It seems like this, at least for ds, is one of those things that he just can't rush or be taught, no matter how much he might like to be a little Picasso. It's developmental, kind of like peeing the bed at night, which is another sore spot in our house. After all, I have worked with him (or given him opportunity to be creative) with drawing shapes, writing and tracing since he was very young, like 1 year old, pretty much every day, and he still can't draw a square, even though I know he first started tracing squares & triangles (and loving it) when he was about 20 months.

I feel bad seeing him be so hard on himself. He loves to be creative, but he has a perfectionist streak and wants things just perfect, or not at all (like me!).
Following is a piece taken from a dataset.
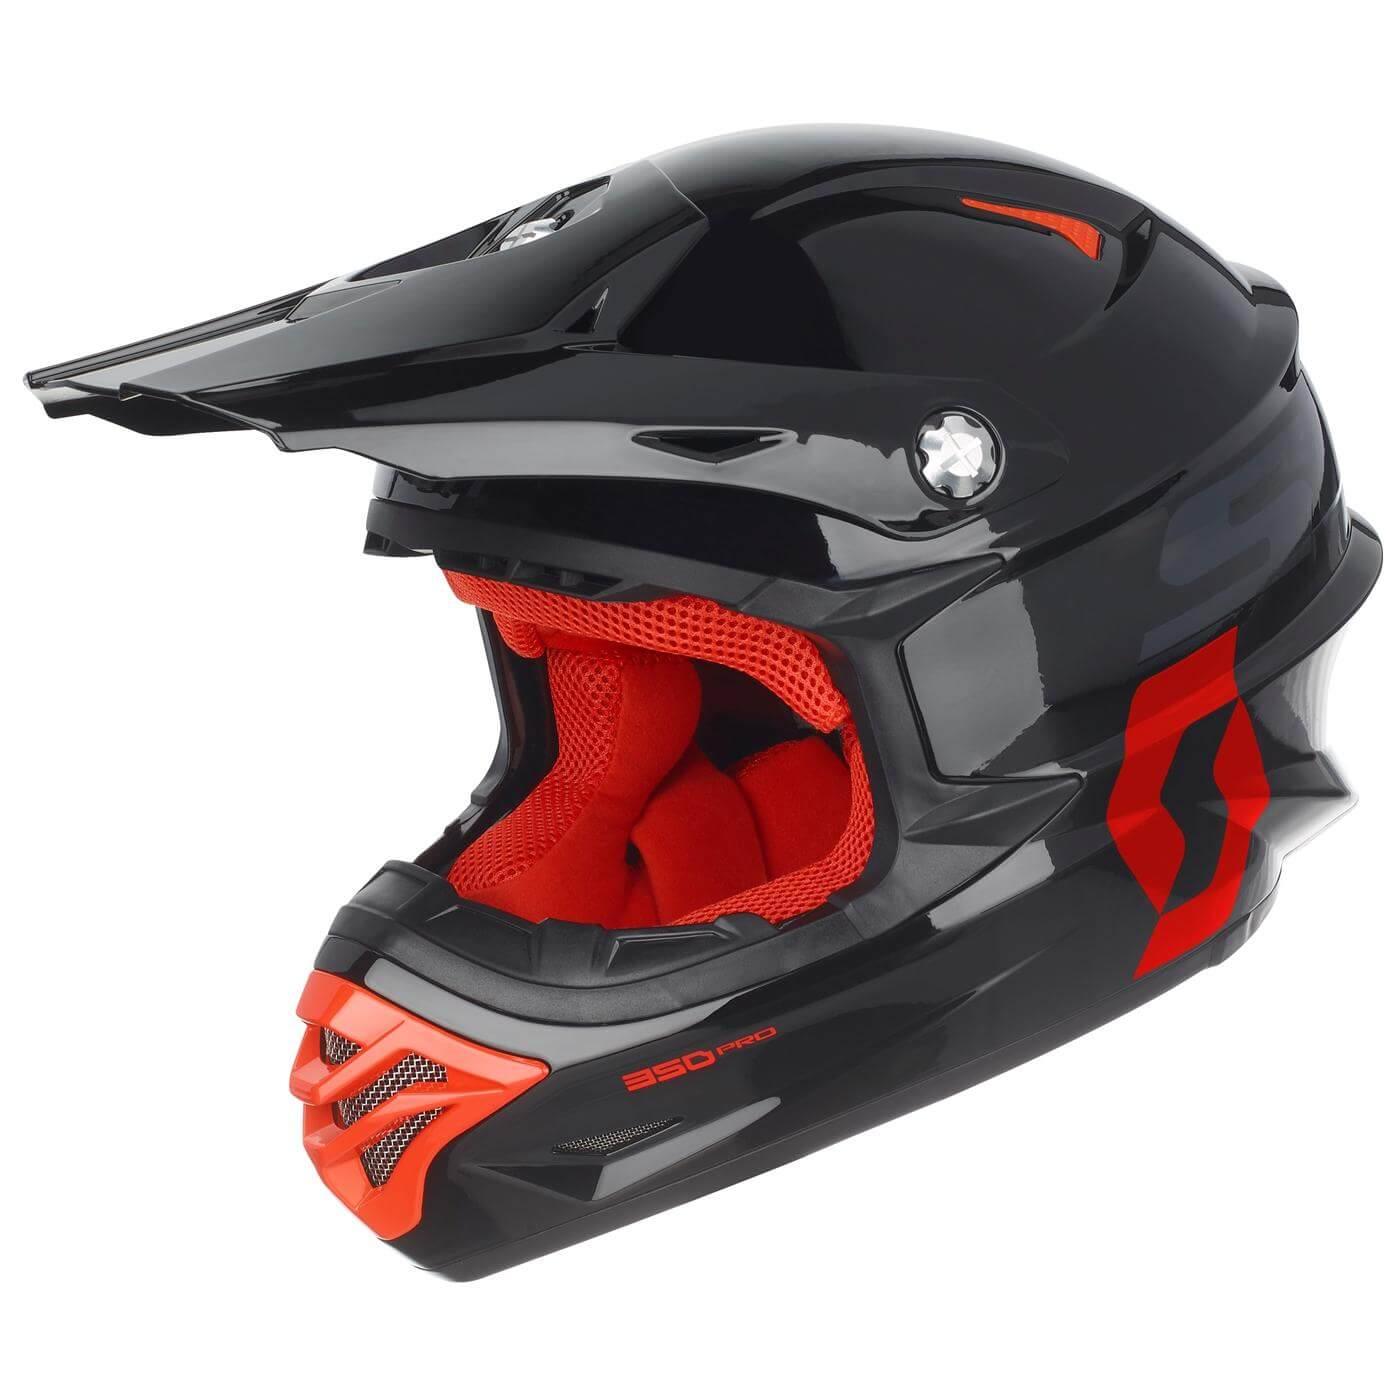 Scott 350 Pro Hjelm - Sort/Orange - S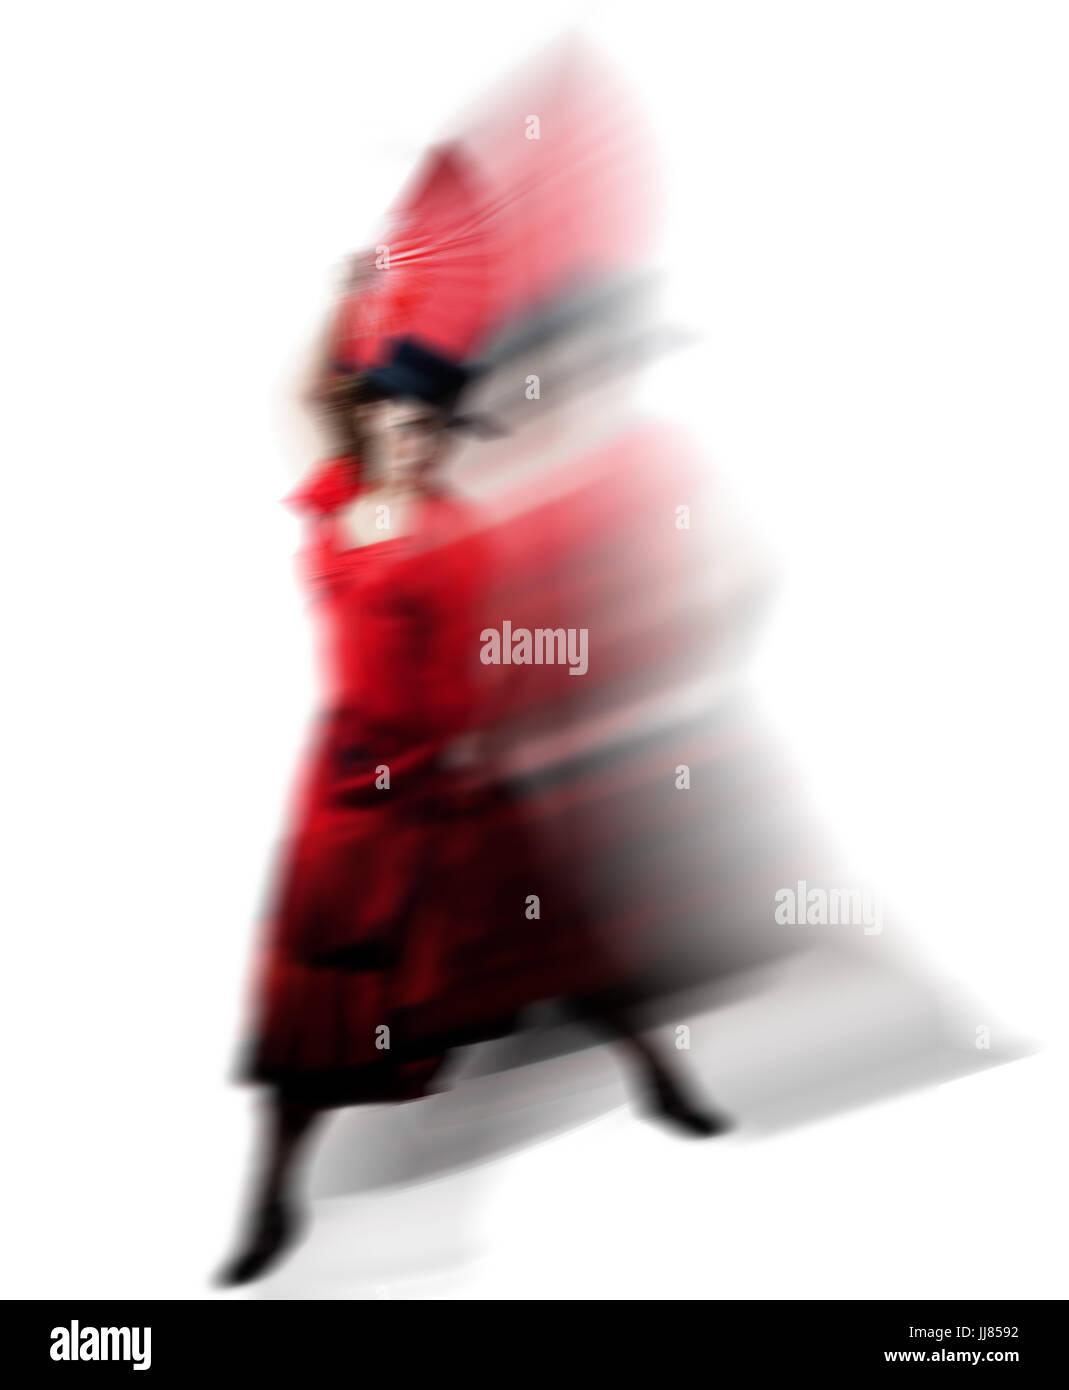 Buch Cover - Let's Dance abstrakt Kunst Flamenco Tanz Stockbild

I will try putting the crayons up for awhile and maybe doing some fingerpainting and cut and paste activities instead this week. I think, though, that I still need to try to help him understand that mistakes are ok, that art is just for fun, and no matter how it comes out, if you had fun in the process, it's all good. Maybe I should show him the stuff I've been producing on my new sewing machine that I haven't yet got the hang of. lol.


----------



## Polliwog

I've worked as a preschool teacher and then an early childhood education specialist. I would lay off the hand over hand writing unless HE is the one who wants to do it. Writing is really something that needs to come from within the child. I'd also avoid "teaching" him to write using a particular method. Most little kids learn to form letters themselves, and the mechanics of formal lettering can get in the way of that.

Put away the crayons if they are frustrating for him for now. Using his finger to draw/write in wet sand or shaving cream is a great activity.


----------



## hakeber

Benjamin drew this when he was 4.5 old.



It was his first ever recognizable drawing. Before that his drawings were all very chaotic scribbles. He did his best drawings with a variety of colors, and each color represented a different animal or event. One of my favorites looked like a mess to most people but to him it was a whale spouting a rainbow. (think a big purple blob on a blue and white background with scribbles of all colors. Now at six he can draw elaborate machines (think Dr Seuss style inventions), and landscapes, all with recognizable shapes.

Boys actually tend to see the world in movement and so their pictures tend to be more chaotic looking for longer. It is best to praise the energy and the movement in the picture. Express how you love the motion he creates. DS was really sensitive too and always asked me to draw for him, especially because his pre-school teachers would give him low marks for coloring outside the lines, struggling with geometric shapes, and choosing the "wrong" color. I had a talk with them about age appropriate expectations for boys and helped them find ways to encourage his artistic talents. So far, so good.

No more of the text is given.